*What this task involves:* Output, exactly as written, the lines below starting at the line containing "صور عن الخداع" and ending at the line containing "Mapa de Relieve Sombreado de Laos". Drop the pictures and keep both end lines.

*Dataset entries:*
BEGIN

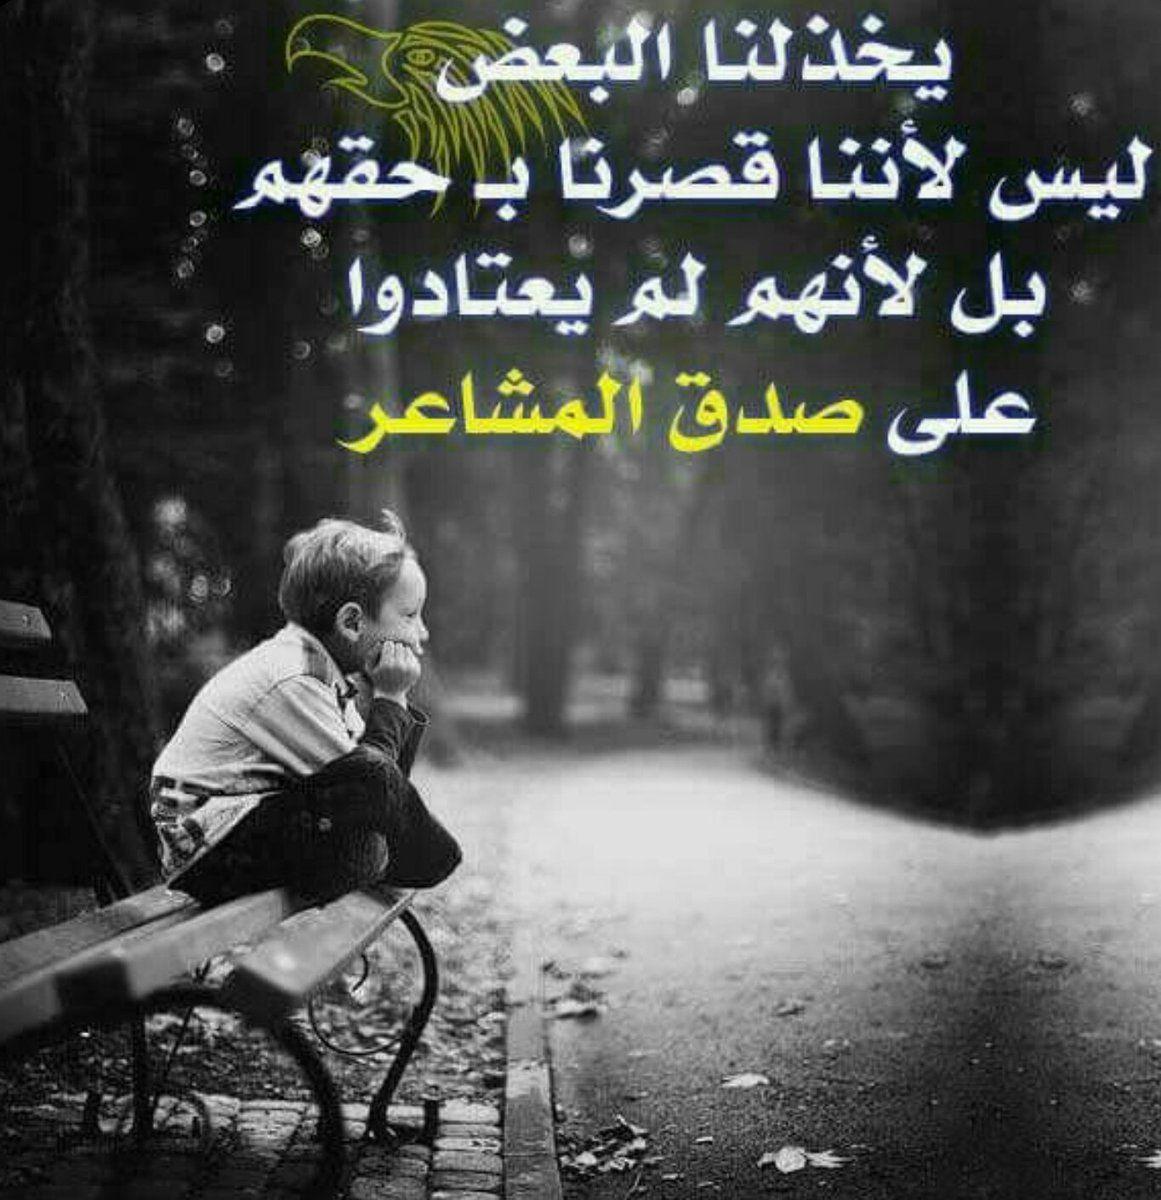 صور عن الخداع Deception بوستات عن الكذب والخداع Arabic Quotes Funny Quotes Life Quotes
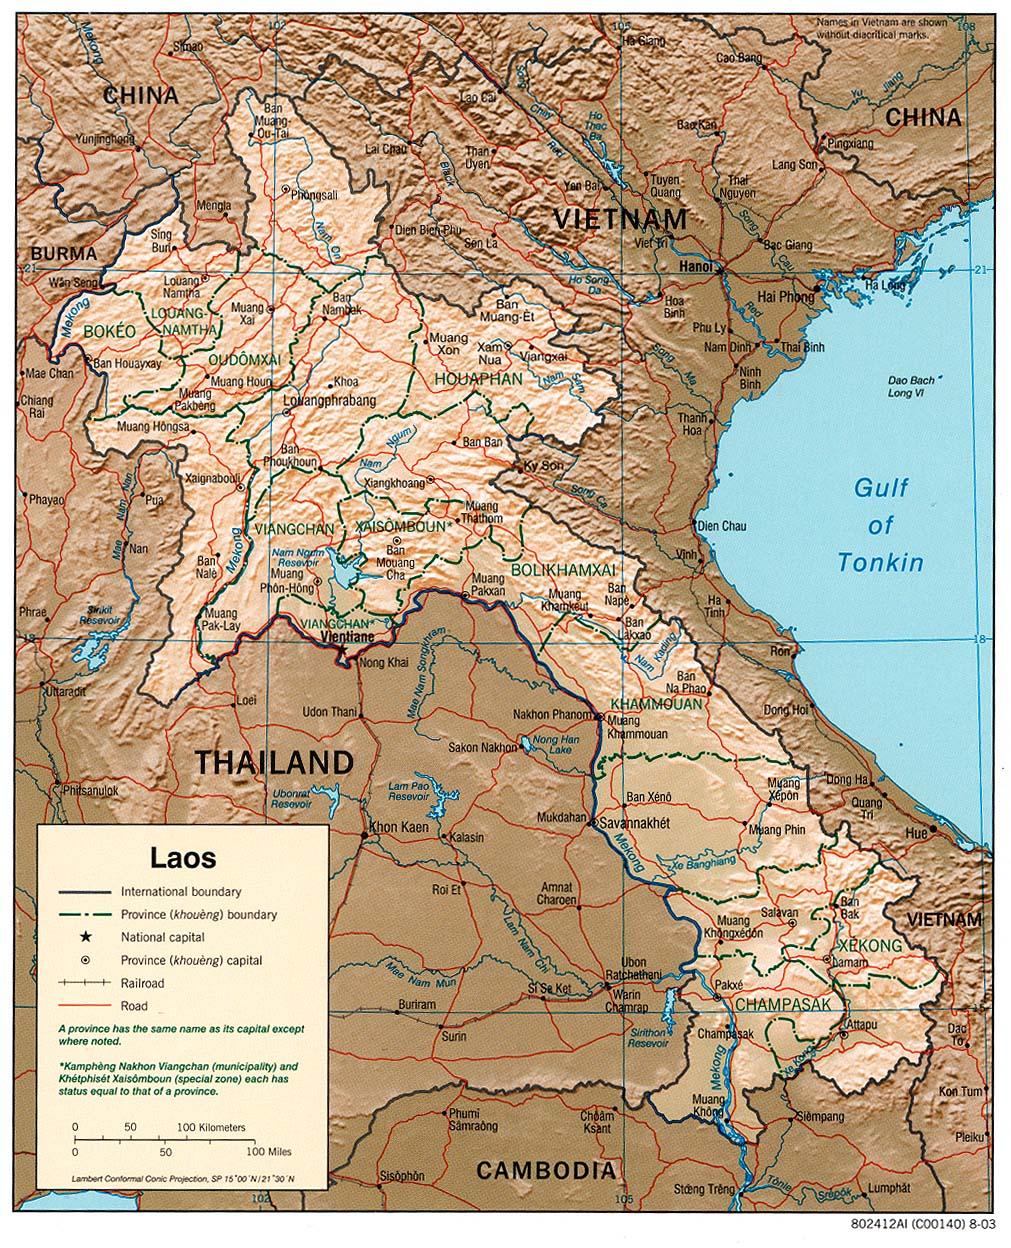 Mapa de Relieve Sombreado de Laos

END
BEGIN

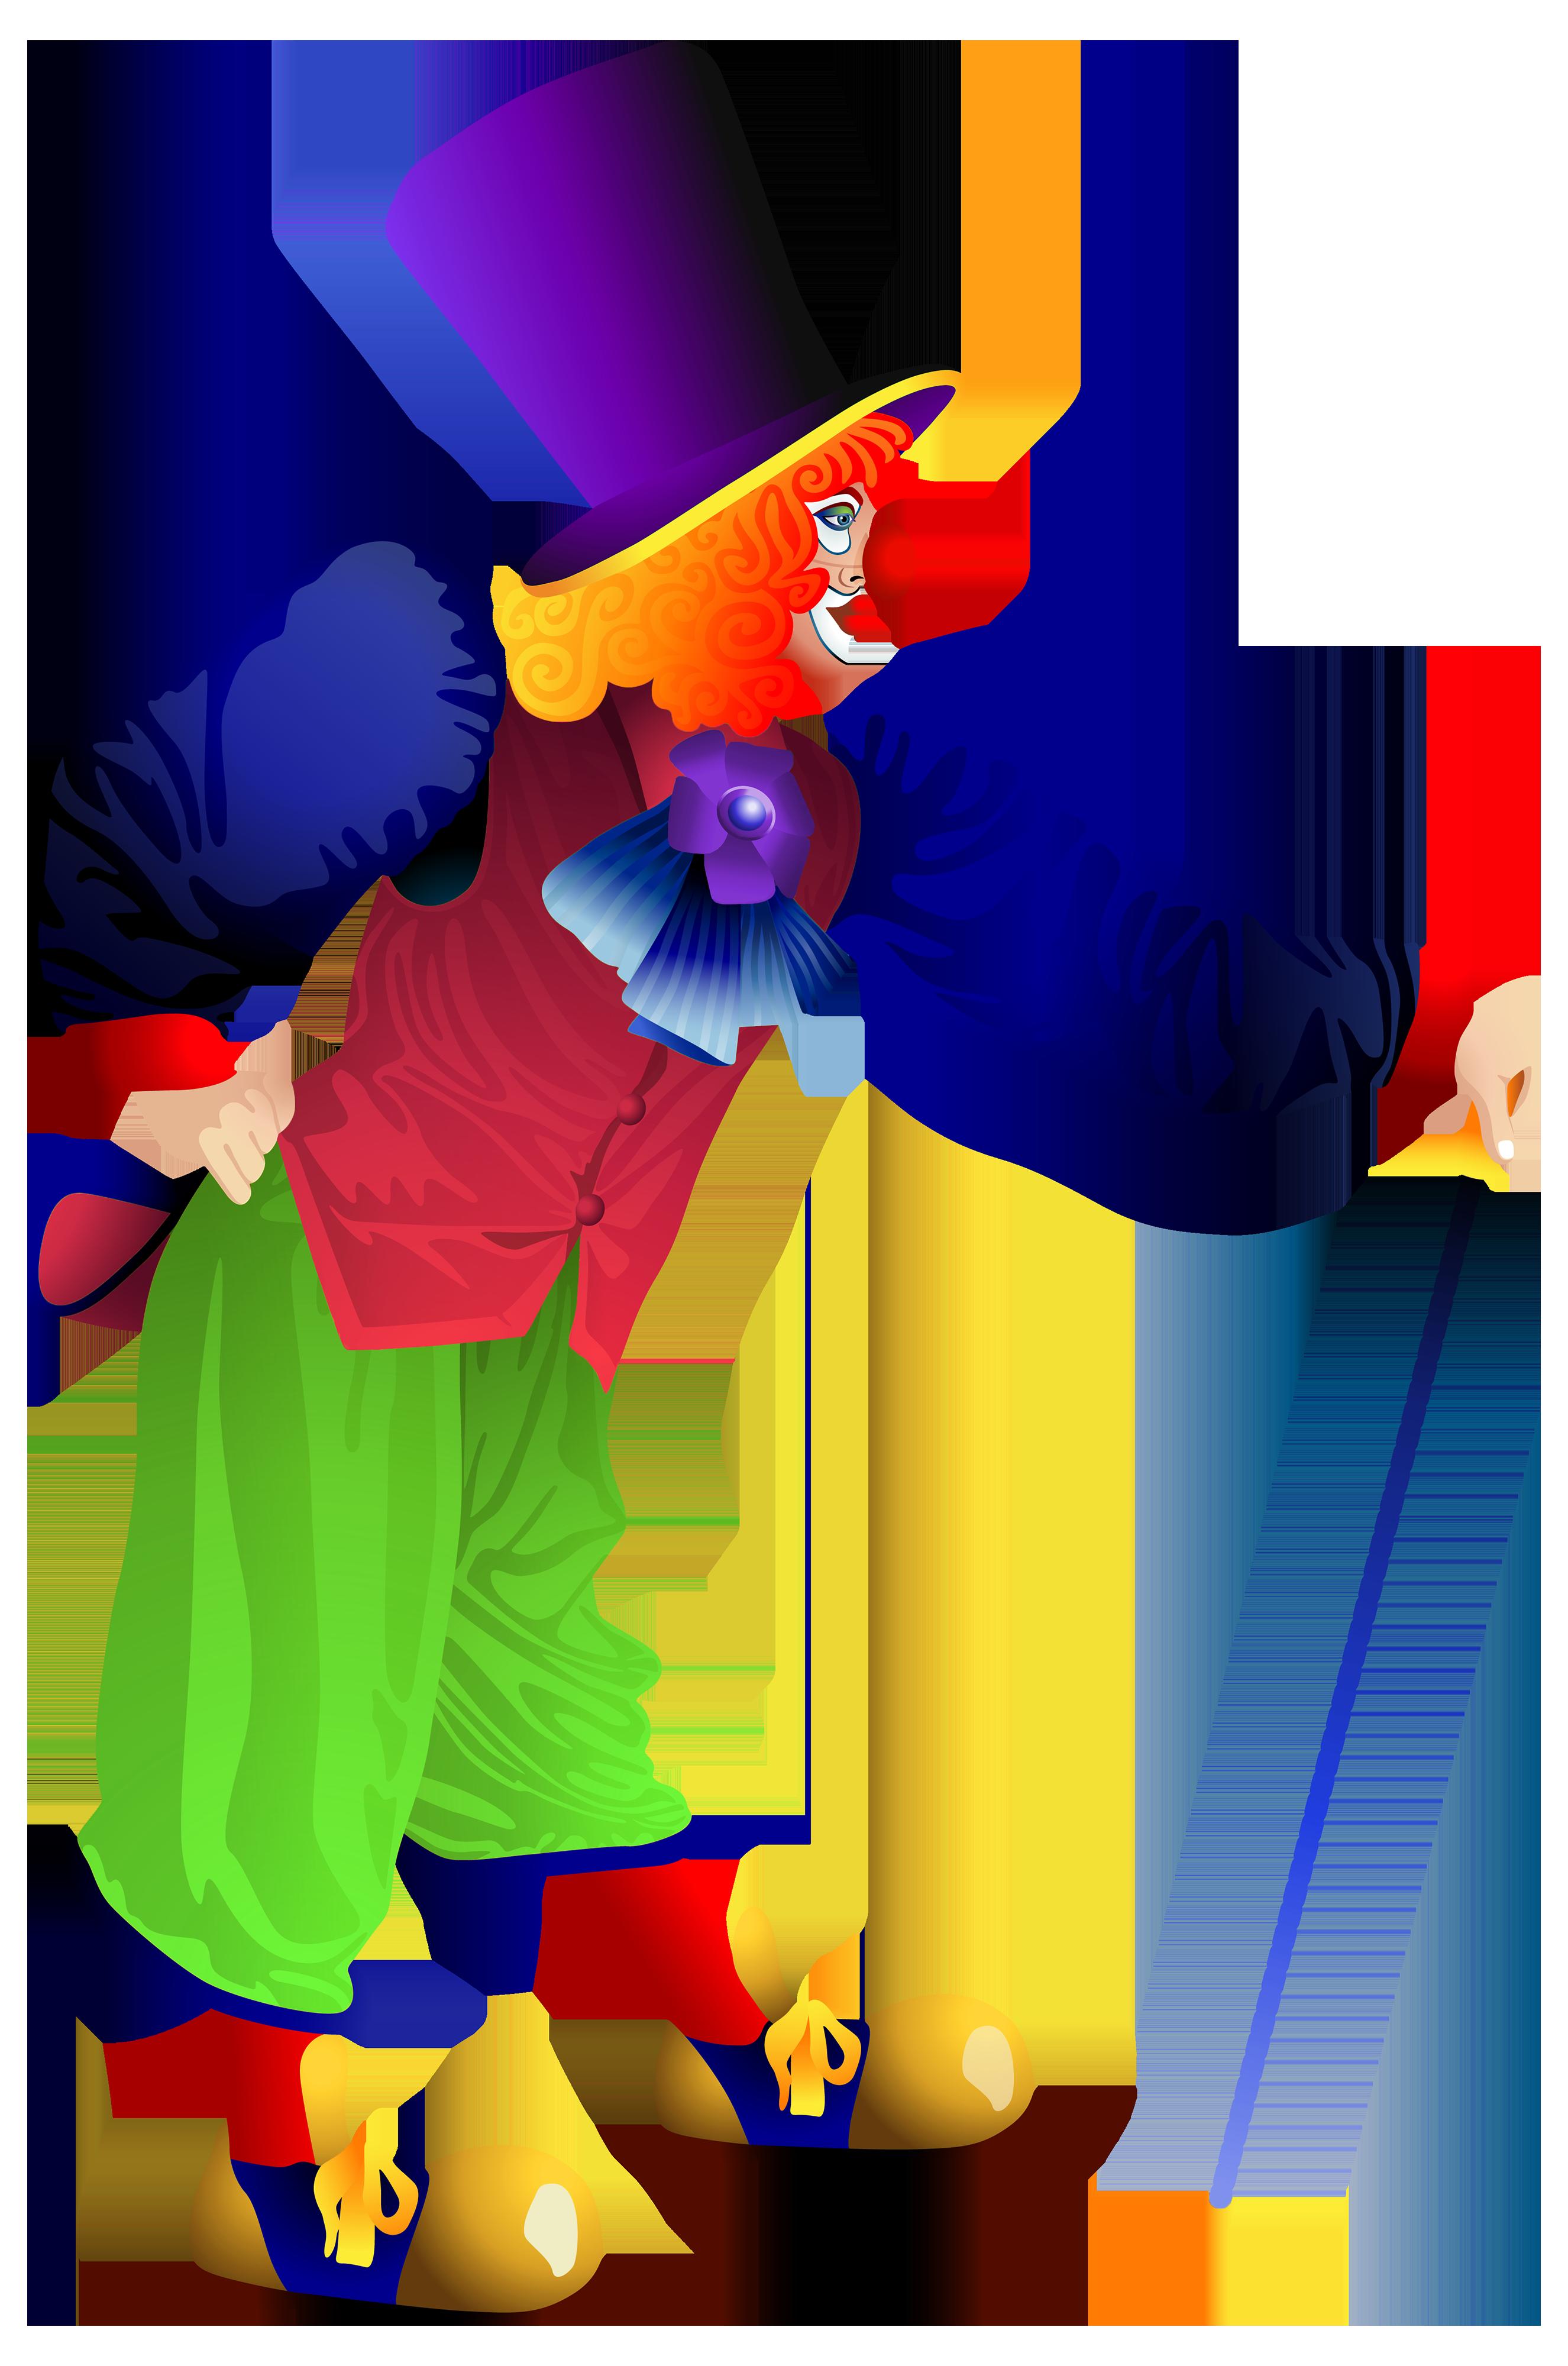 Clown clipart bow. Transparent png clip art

END

*Output:*
 صور عن الخداع Deception بوستات عن الكذب والخداع Arabic Quotes Funny Quotes Life Quotes
 Mapa de Relieve Sombreado de Laos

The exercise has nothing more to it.